On Thursday, the FDA approved Provenge, the first of a new class of cancer therapies that work by stimulating the immune system to attack the disease. Seattle-based Dendreon had been trying to get approval for Provenge since late 2006, but was asked to find more data.
The approval of Provenge is a dramatic development in the fight against cancer and could pave the way for a host of similar therapies. Other companies, including Celldex Therapeutics Inc. (CLDX) and GlaxoSmithKline PLC (GSK, GSK.LN), are developing products that work the same way. Provenge's approval suggests those products could make it to the market, potentially stimulating new interest from pharmaceutical companies and venture capitalists.
"It sets the stage, or at least facilitates, the approval of other cancer vaccines," said Michael Becker, chief executive of MD Becker Partners, a management consulting and strategic advisory firm for life science companies. "It is a watershed event in that regard."
The approval of Provenge is similar to the 1997 approval of Rituxan. That therapy was the first monoclonal antibody to reach the market and ushered in a new era for biologic drugs. Within five years, five more monoclonal antibodies were approved in the U.S., a pattern that Becker predicts will be repeated with cancer vaccines.
Robert Baird & Co. analyst Christopher Raymond believes Provenge will improve investor perception of the entire biotech industry, which has suffered from funding problems and lackluster initial public offerings. Financing re-emerged for biotechnology companies after successful data about Avastin, another cancer therapy, emerged in 2003, he said.
Plenty of companies could benefit from renewed interest in cancer vaccines. Among them: Celldex, which is developing a brain cancer vaccine with Pfizer Inc. (PFE), and Geron Corp. (GERN), which has a midstage vaccine for acute myelogenous leukemia. GlaxoSmithKline has a vaccine for lung and skin cancers in late-stage trials.
Other companies involved in the space include Bristol-Myers Squibb Co. (BMY), Vical Inc. (VICL) and Biovest International Inc. (BVTI).
Still, an improved image for cancer vaccines won't be enough. These companies need to prove their drugs work and get them cleared by the FDA, which can be rigorous for any therapeutic class.
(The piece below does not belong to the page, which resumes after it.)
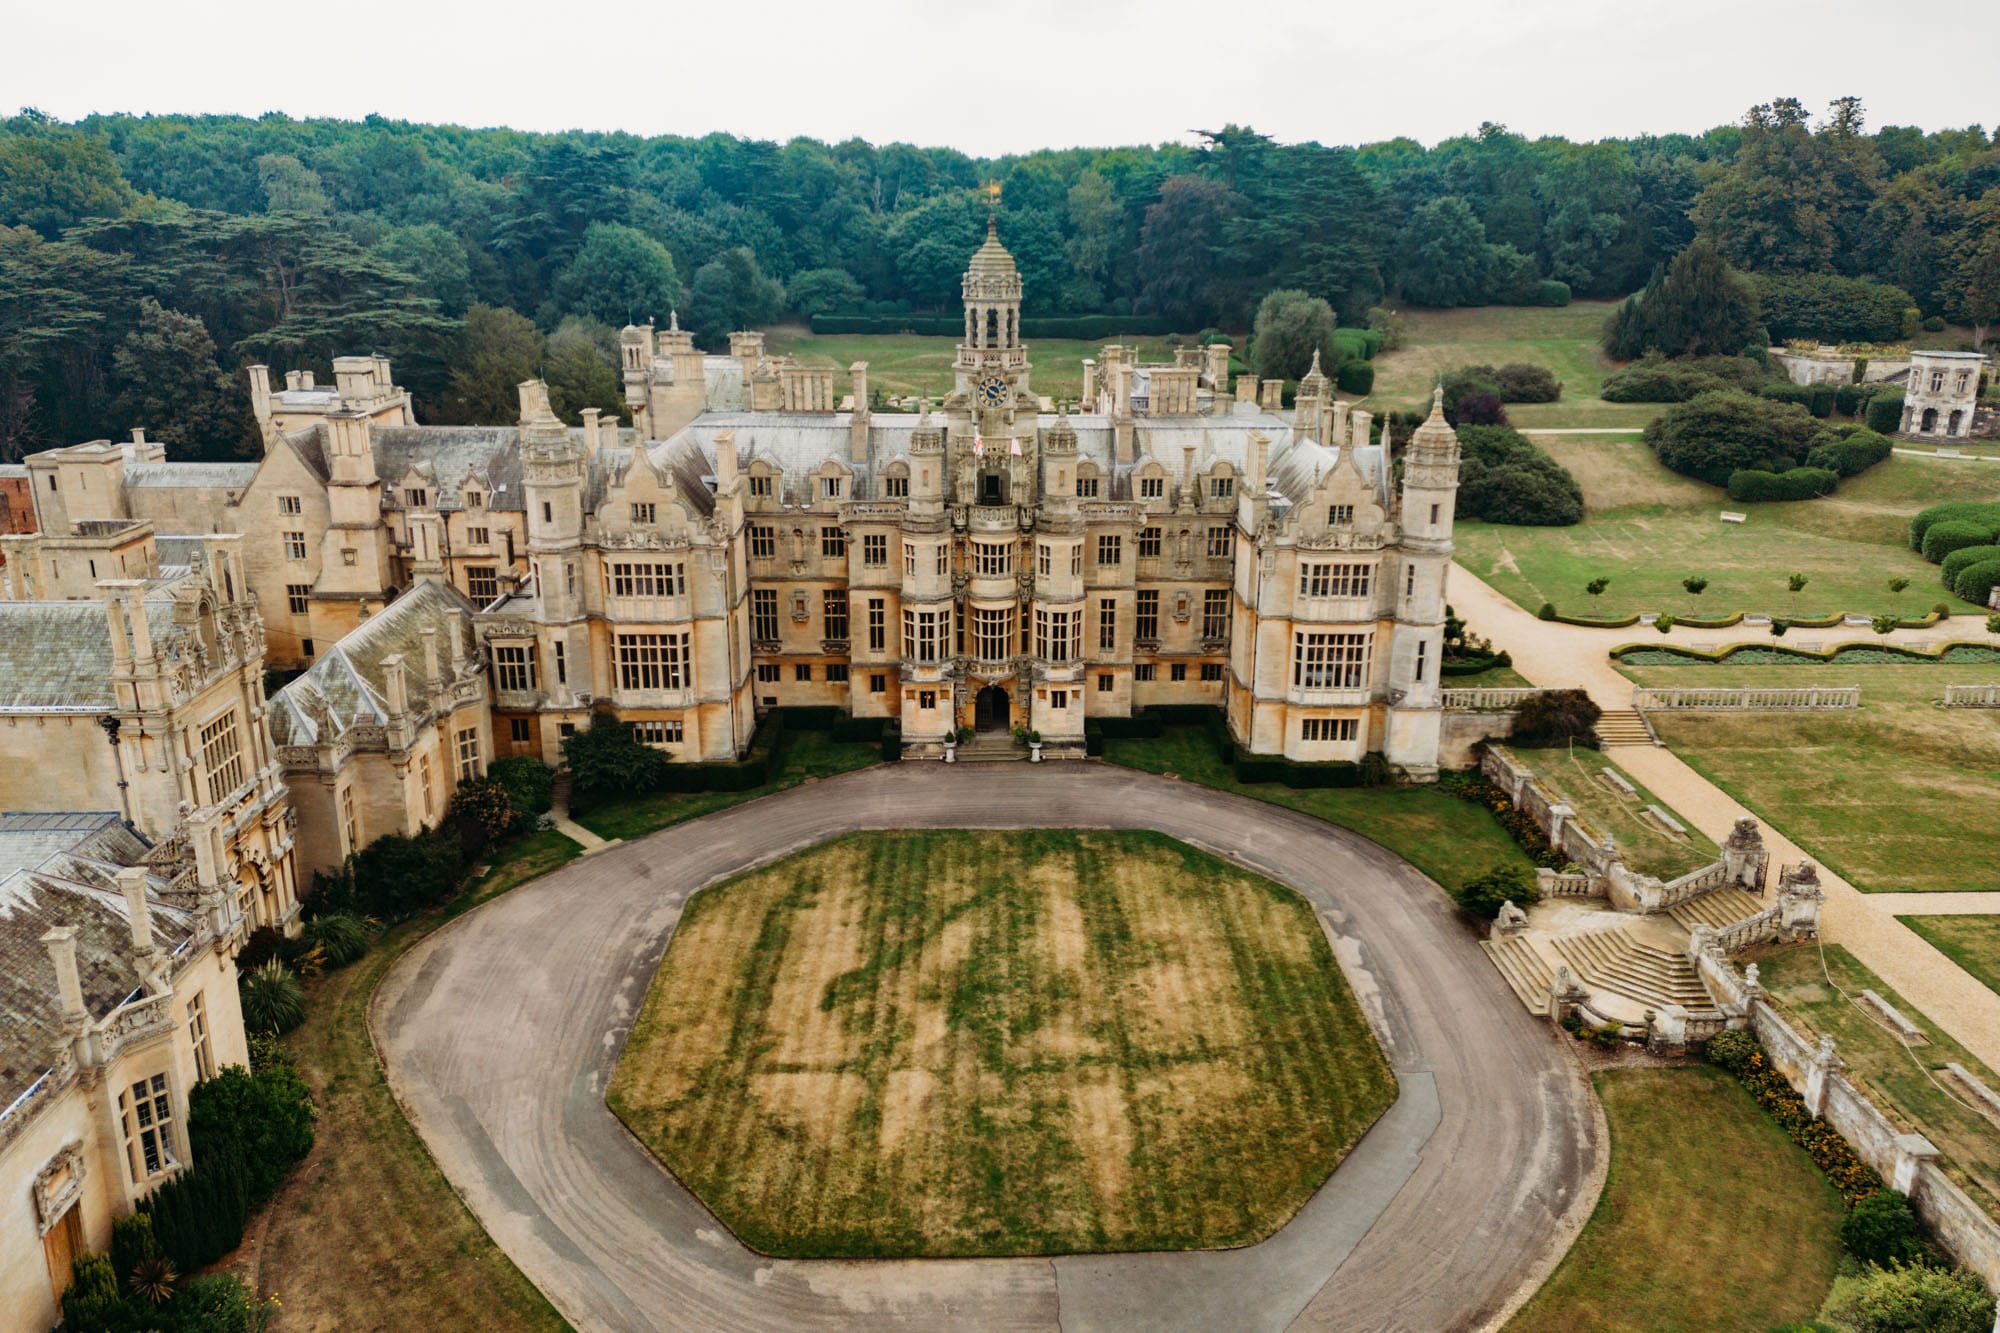 Aerial view of Harlaxton Manor from drone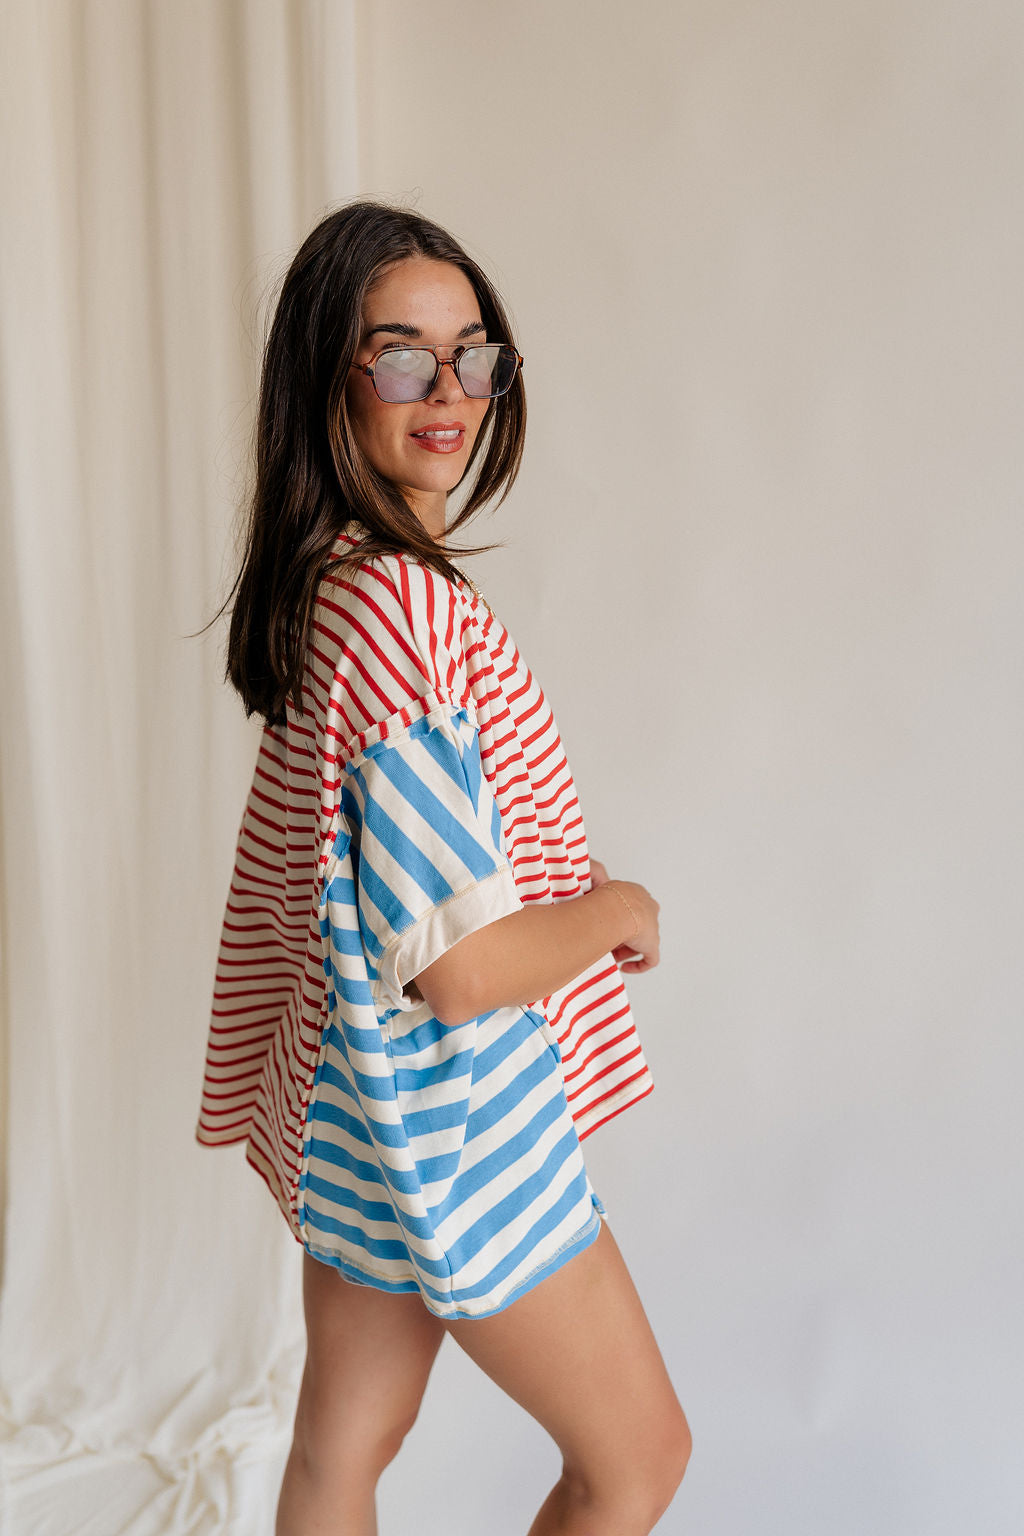 Side view of female model wearing the Abigail Red, Cream, & Blue Striped Top that has a red striped center, blue striped sides, a round neck, short sleeves, and oversize fit.

Concept Capital's Washington Research Group said the Provenge approval demonstrates what's needed by the FDA. But it notes that different drugs may have a harder time than others, and the agency will continue to review drugs in a "case specific nature."
While Provenge is personalized for each patient, Becker notes that only 27% of cancer vaccines in development at both public and private companies use a similar method. The rest are "off the shelf," meaning that they are the same for everyone, but still aim to stimulate the immune system.
Provenge provides proof that the method works, but the future will be in off-the-shelf treatments that will be easier to make and have a lower price tag, Becker said.